Key questions raised during the first edition

Several questions common to the participants from the three countries were discussed without necessarily leading to convergence:

  • what definitions should be given to the concepts of agglomeration, for which relevant territory(ies), according to an approach based on objectives, means, tools or institutions

  • what is a specifically urban agglomeration project,

  • through the practices of agglomeration leaders, what are the objectives pursued, the keys to success, the instruments for implementing this vision.

Issues addressed in the second edition

Three themes were chosen to structure the second platform held in Namur (Belgium) on March 18, 19 and 20, 2004.

  1. What definition could be given to the agglomeration community, through the experiences of the three countries?

  2. What are the specific problems of cross-border conurbations?

  3. What can we learn from agglomeration projects about collective learning processes, modes of regulation and innovative approaches?

During the first meeting, case studies, with meetings of actors, as in the case of the Neuchâtel Urban Network (RUN) project, were deemed necessary to stimulate the debates.

Taking into account the wishes expressed by the participants, the second edition of the exchange platform was structured in three workshops

  • innovative practices in agglomeration projects

  • problems of cross-border conurbations

  • Walloon agglomeration policy : paths for new strategies

A morning visit to the Centre Urban Community (CUC - La Louvière) was an opportunity to discover its ambitions, achievements and underlying issues.

This summary is intended for the participants of the Namur platform. It sets out the main issues discussed during the workshops, presents the positions taken and raises new questions.
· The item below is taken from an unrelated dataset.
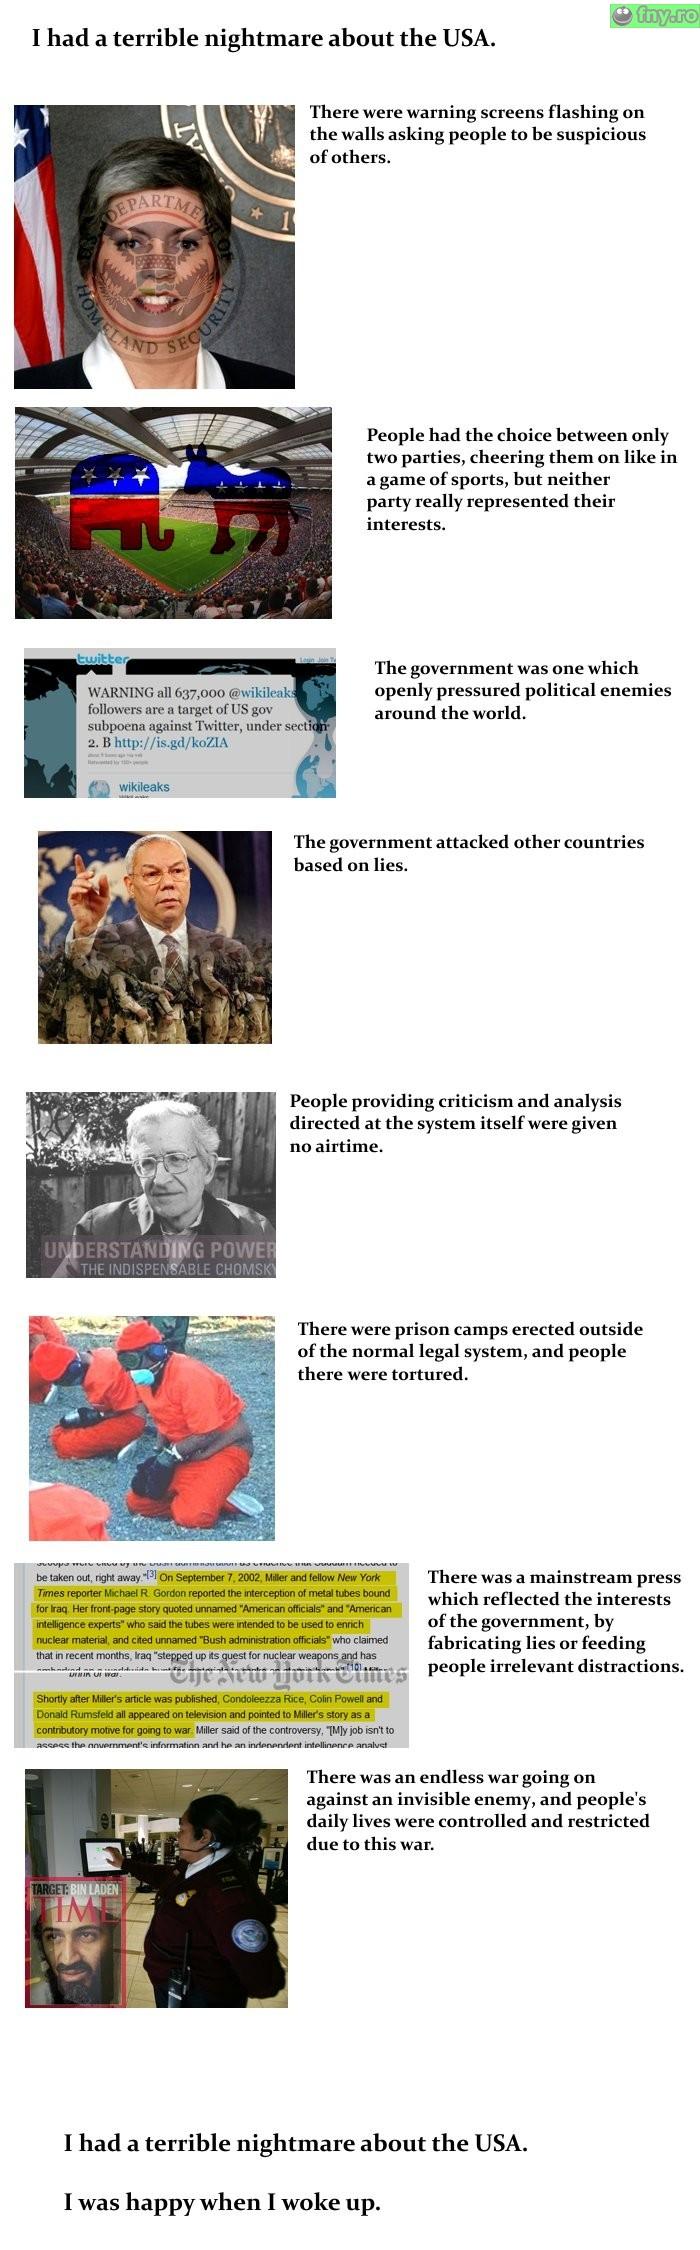 Realitatea din SUA imagini haioase

The conclusion proposes a collective evaluation made at the end of the seminar and suggests possible themes for the third edition.

1. Innovative practices of agglomeration projects

Starting with innovative agglomeration projects, the first workshop focused on the content and methods of developing such projects. It appeared interesting to look back at the Walloon (La Louvière) and Swiss experiences.

Elements of debate on the practices of Walloon and Swiss agglomerations

In examining the actions proposed by the CUC2 (the «  possible  » of the project), P. Olivier highlighted the «  existential  » issue that generates the collective project : loss of 60,000 jobs in 30 years, lack of institutional recognition of the conurbation as a territory of solidarity, competition between neighboring cities, dual membership of some municipalities torn between La Louvière and Charleroi.

In the absence of a process initiated by the central state, the dynamics of the project (I want) come from the grassroots (the project’s bearers, mainly a few elected officials), while the institutional constraint (I must) is rather opposed to the constitution of communities of communes. The dual membership of some of the communes is a source of contradiction: it is an obstacle in terms of cohesion in action. But this ambiguous status creates a dynamic of negotiation, or even partnership on a voluntary basis between antagonistic territories, those of Charleroi, La Louvière and Mons. One may wonder whether institutionalizing the status of dual membership does not lead to slowing down the internal dynamism of the Louvière conurbation. Experience shows, however, that it is possible to manage this variable-geometry inter-municipal solidarity flexibly, taking care not to put neighbouring conurbations in competition with each other in areas such as economic development, taxation or transport.

A look at the Swiss experiences3 (the agglomerations of Basel, Neuchâtel, Fribourg, Lausanne and Geneva) reveals a diversity of innovative practices that reflect a search for the most appropriate operating methods. The institutional constraints of the federal agglomeration policy are pushing for innovation, but the cities are cautious and are proceeding step by step. L. Boulianne analyzes the current experiments as a learning process in a loop. This explains the development of agglomeration projects by making them evolve around functional (leaders) / institutional (elected officials and civil servants) and relational (citizens / supporters) logics.

The debate shows that the dynamics of the agglomeration project in Switzerland stem from a game of multiple actors, leading to different solutions depending on the canton. The process consists of inventing approaches.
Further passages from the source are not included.